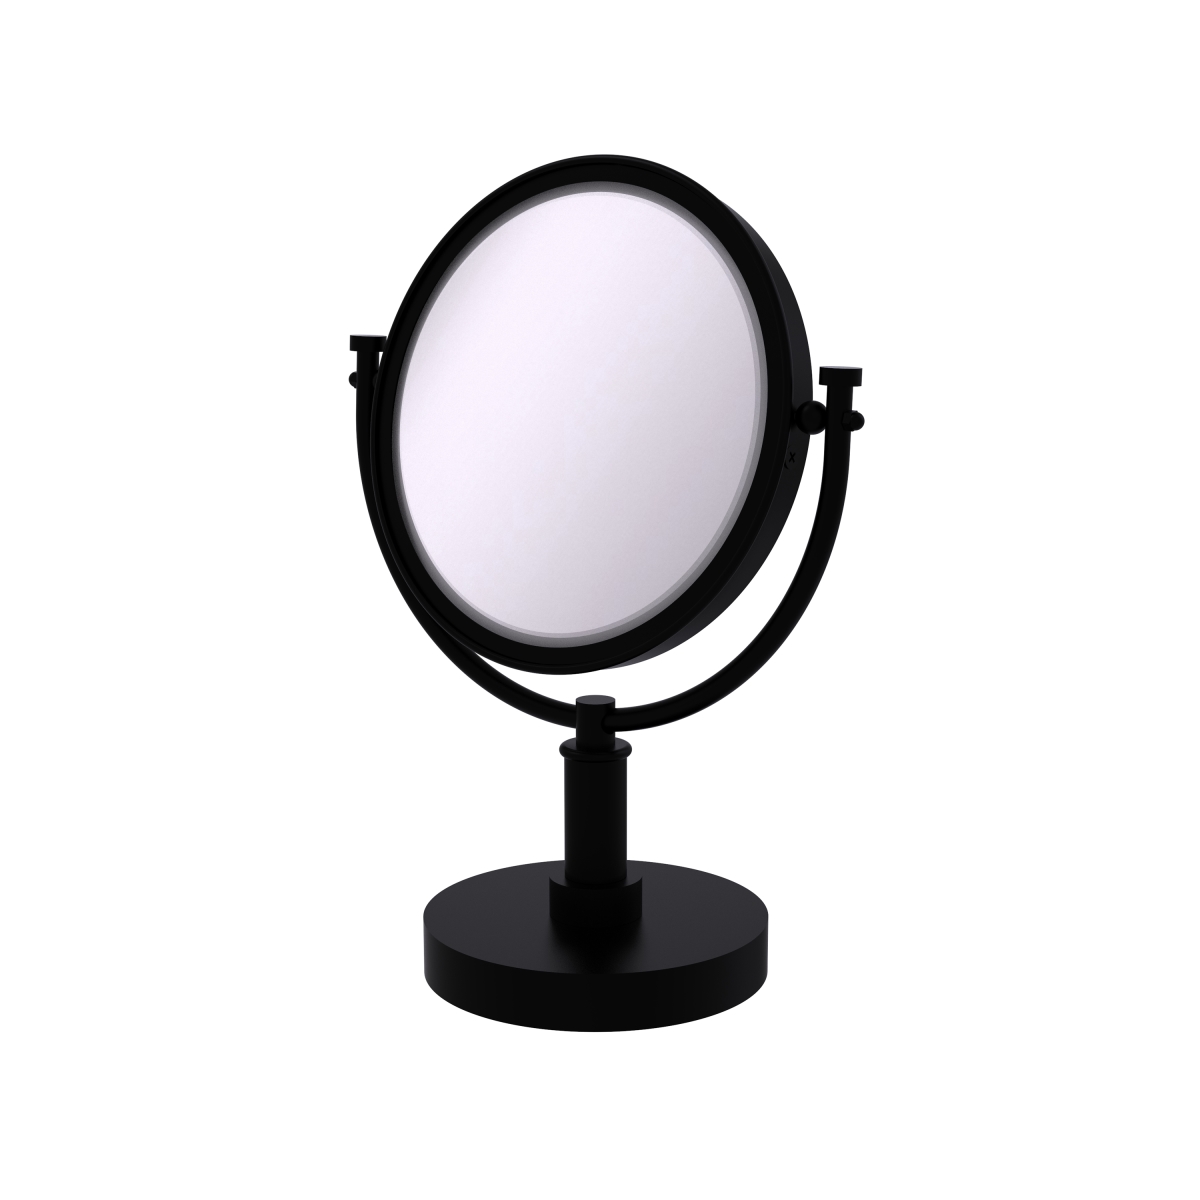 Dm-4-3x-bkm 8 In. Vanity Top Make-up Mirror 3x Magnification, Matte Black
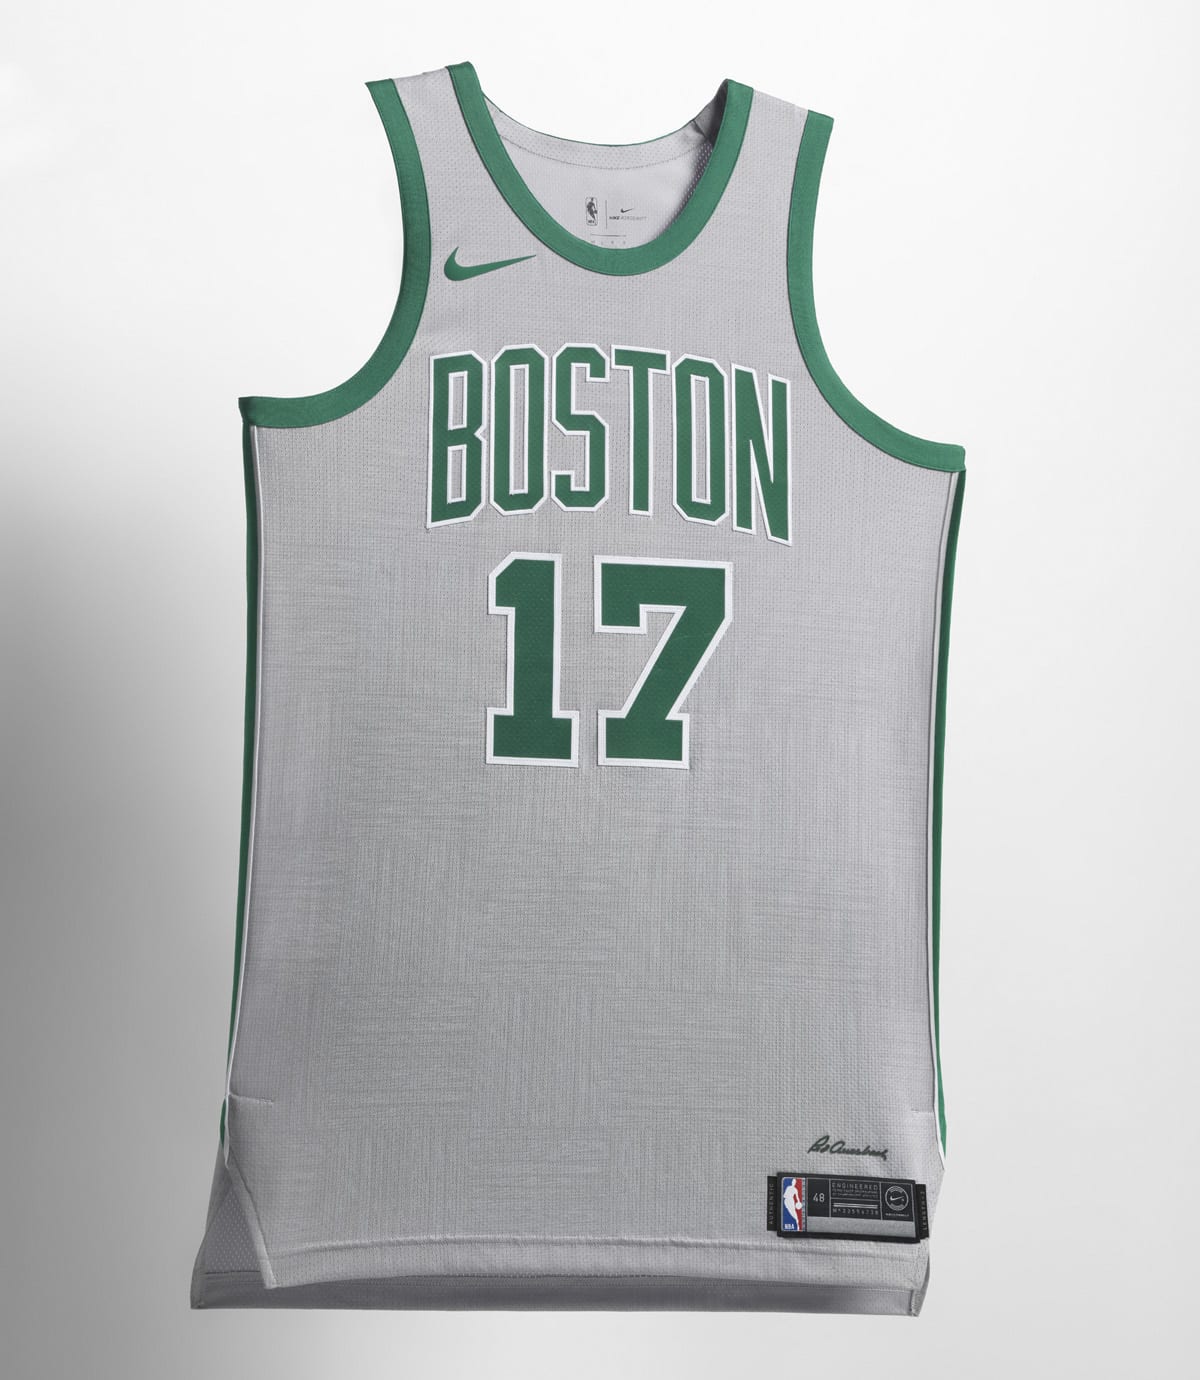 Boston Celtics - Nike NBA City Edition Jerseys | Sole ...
☆ ☆ ☆ ☆ ☆ ☆ ☆
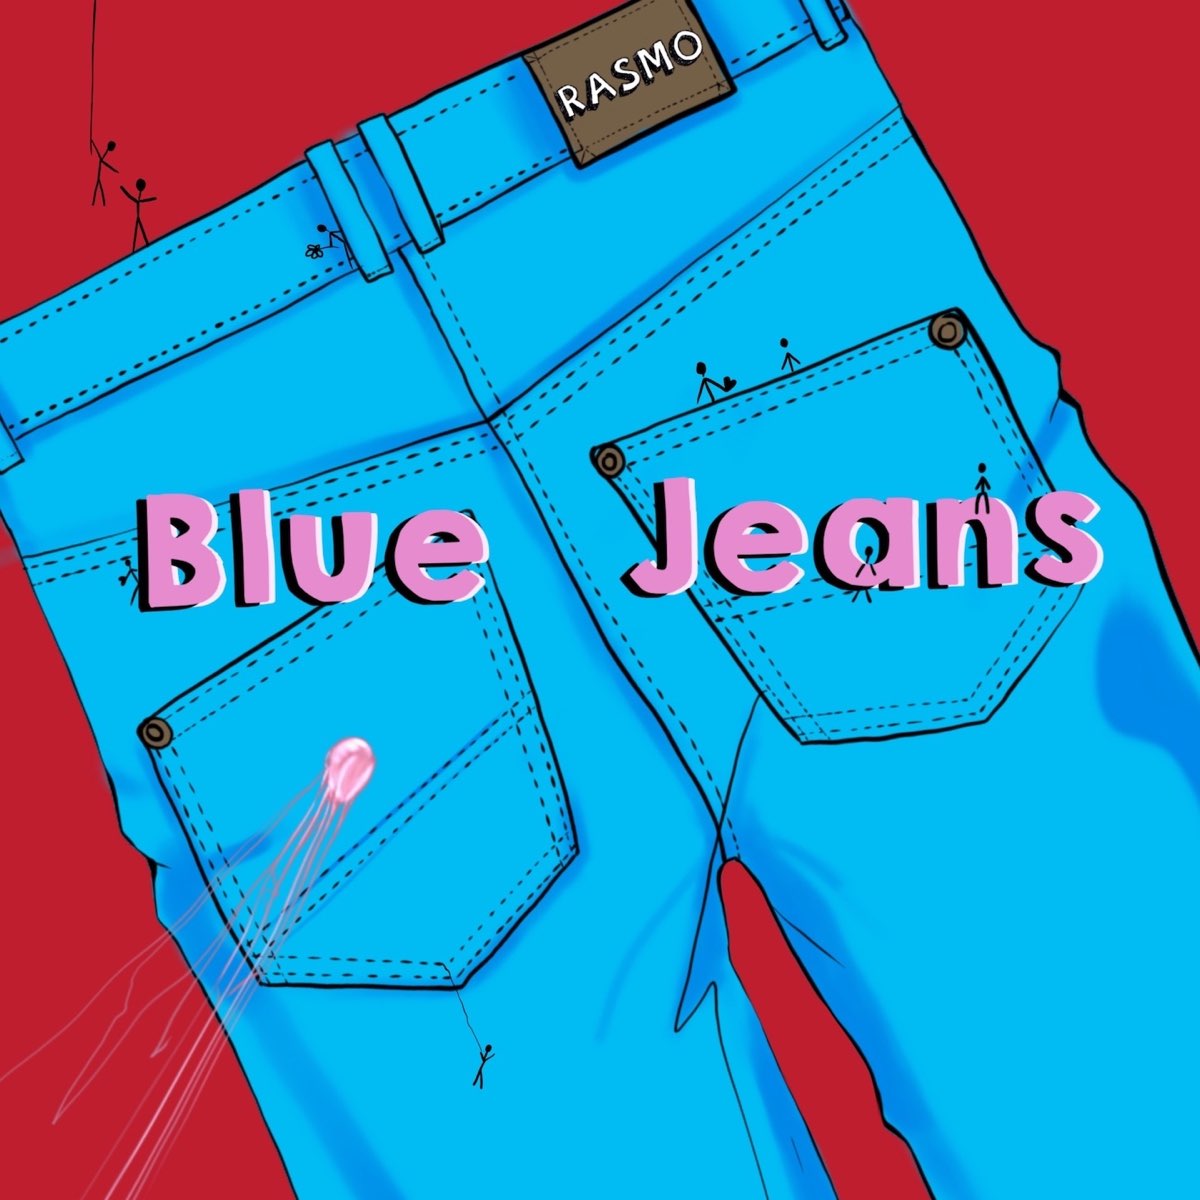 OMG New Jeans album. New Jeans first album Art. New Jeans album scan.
☆ ☆ ☆ ☆ ☆ ☆ ☆
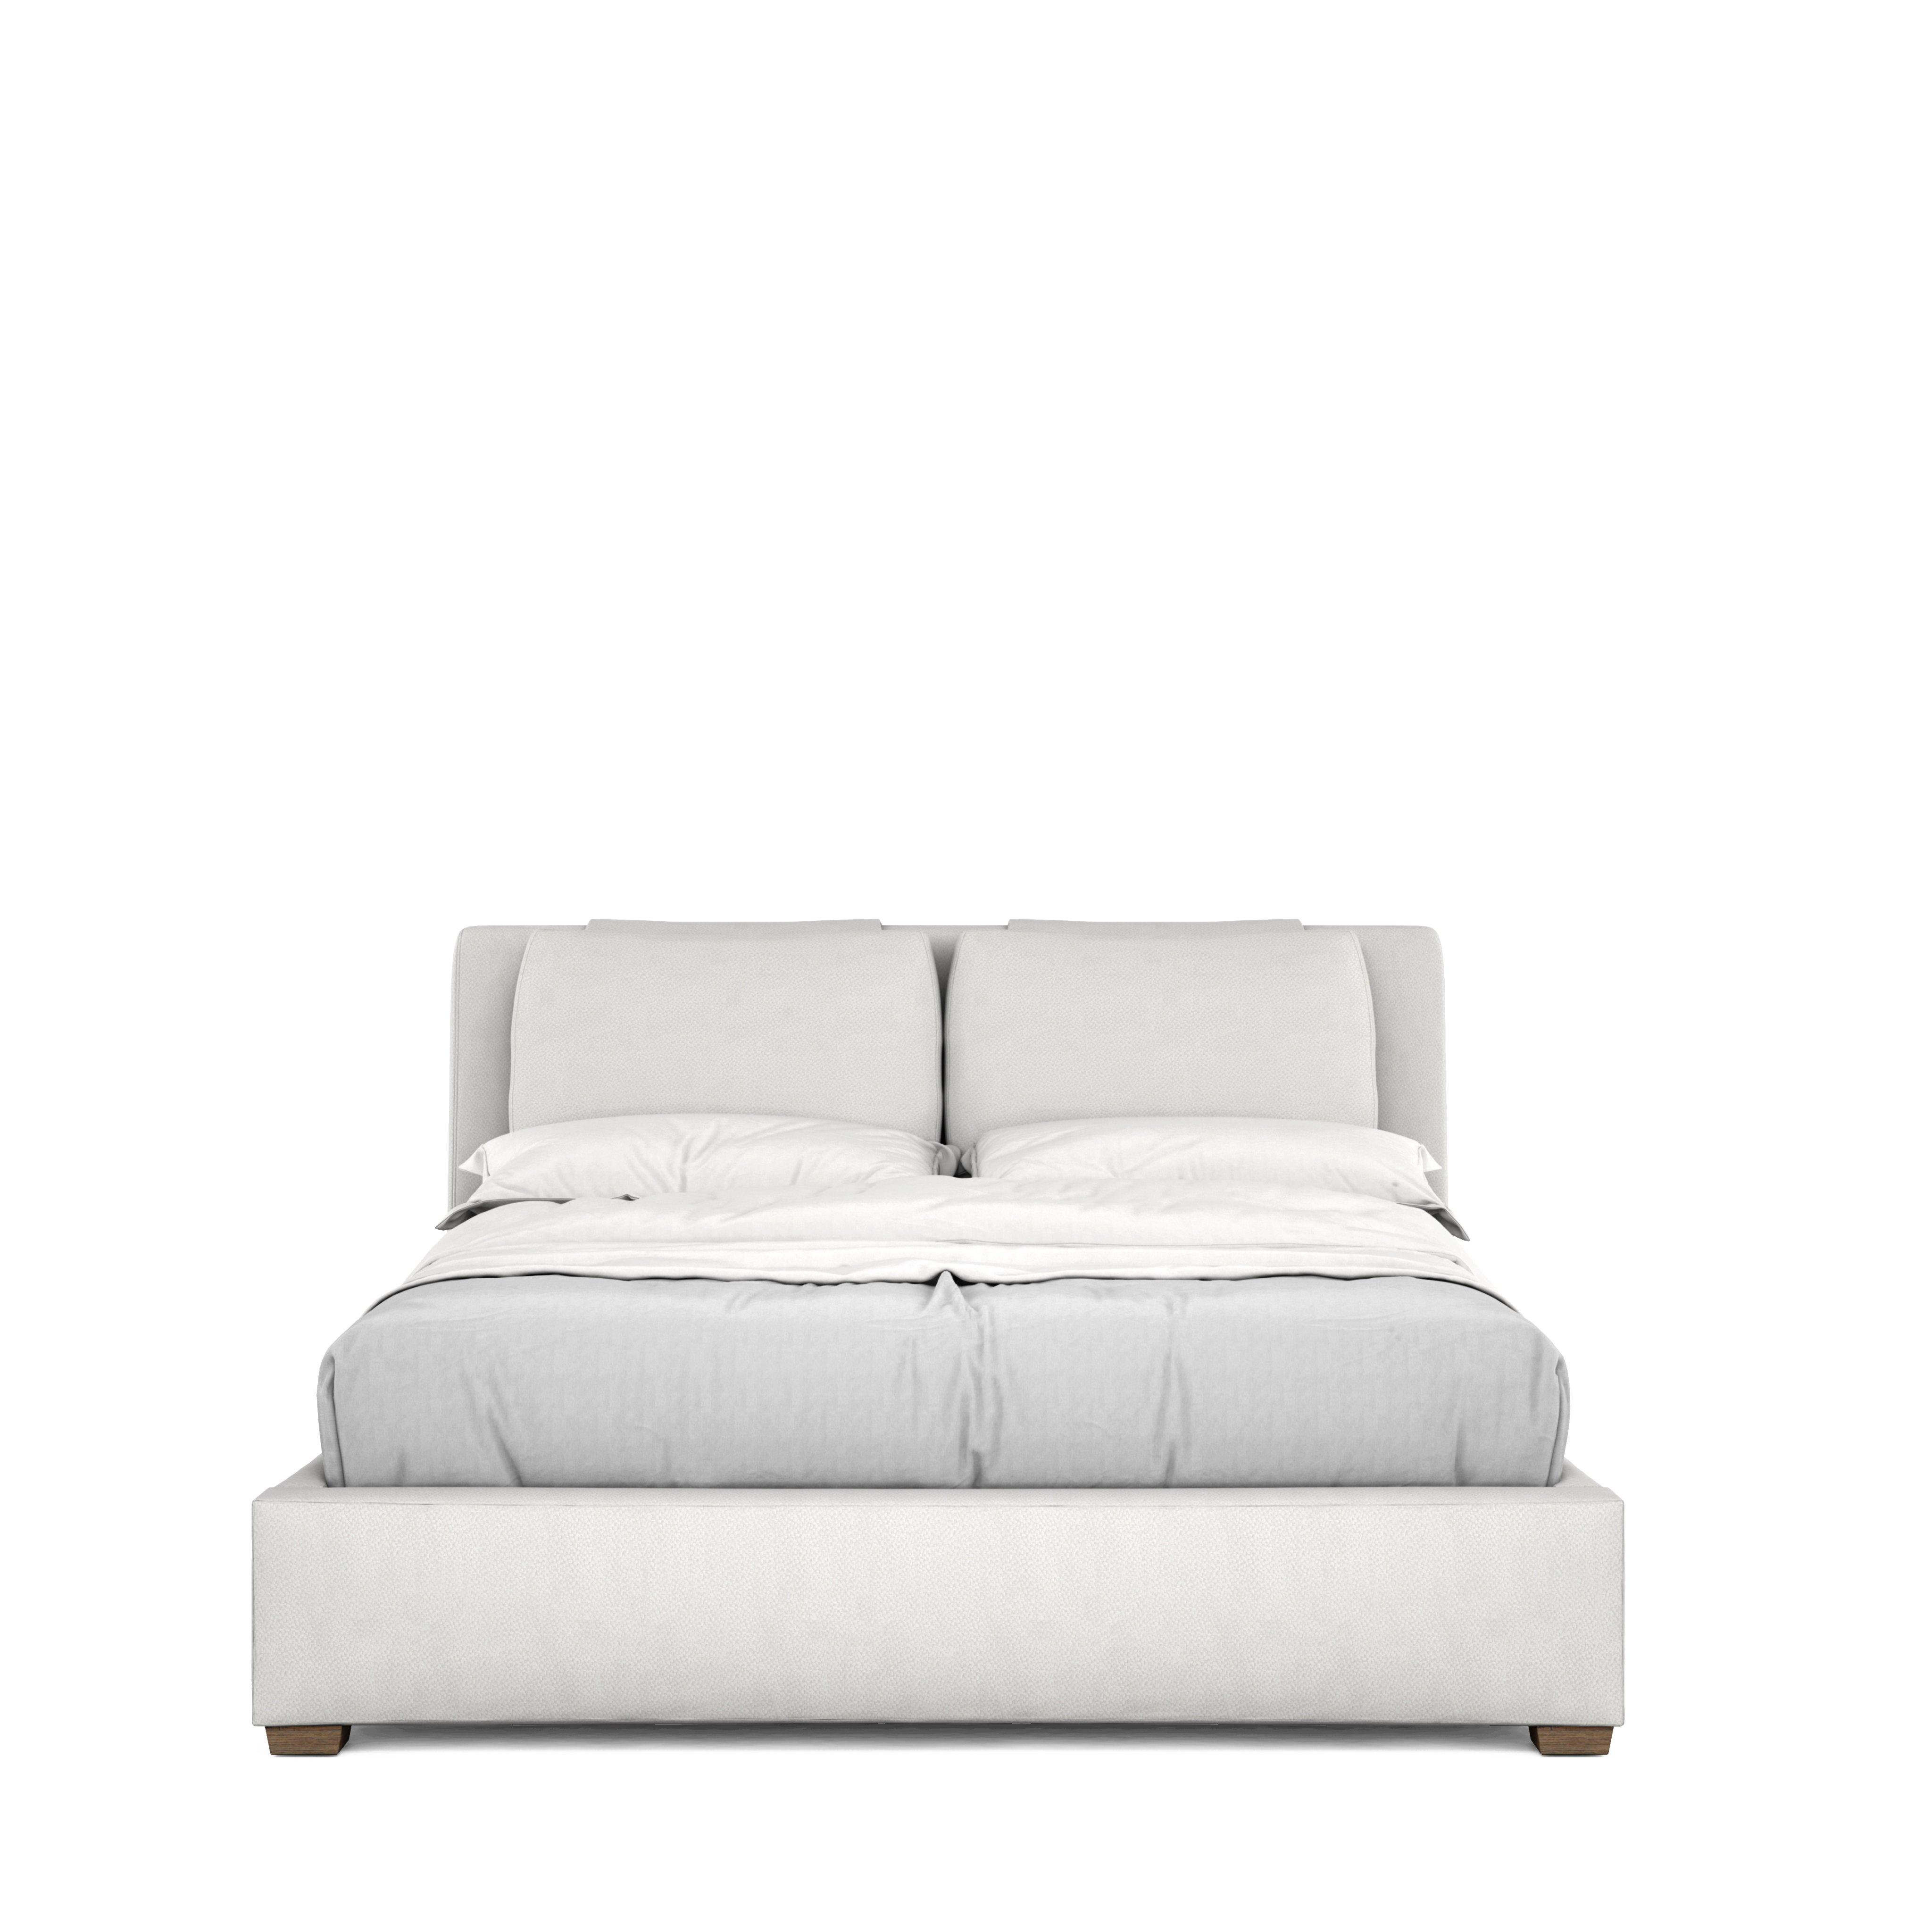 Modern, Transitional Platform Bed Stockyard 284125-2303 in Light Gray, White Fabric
☆ ☆ ☆ ☆ ☆ ☆ ☆
What the exercise asks:
Look above for the line with "Dm-4-3x-bkm 8 In." and copy exactly from it through the line with "Boston Celtics - Nike", both included. Omit the pictures.

Task answer:
 Dm-4-3x-bkm 8 In. Vanity Top Make-up Mirror 3x Magnification, Matte Black
 Boston Celtics - Nike NBA City Edition Jerseys | Sole ...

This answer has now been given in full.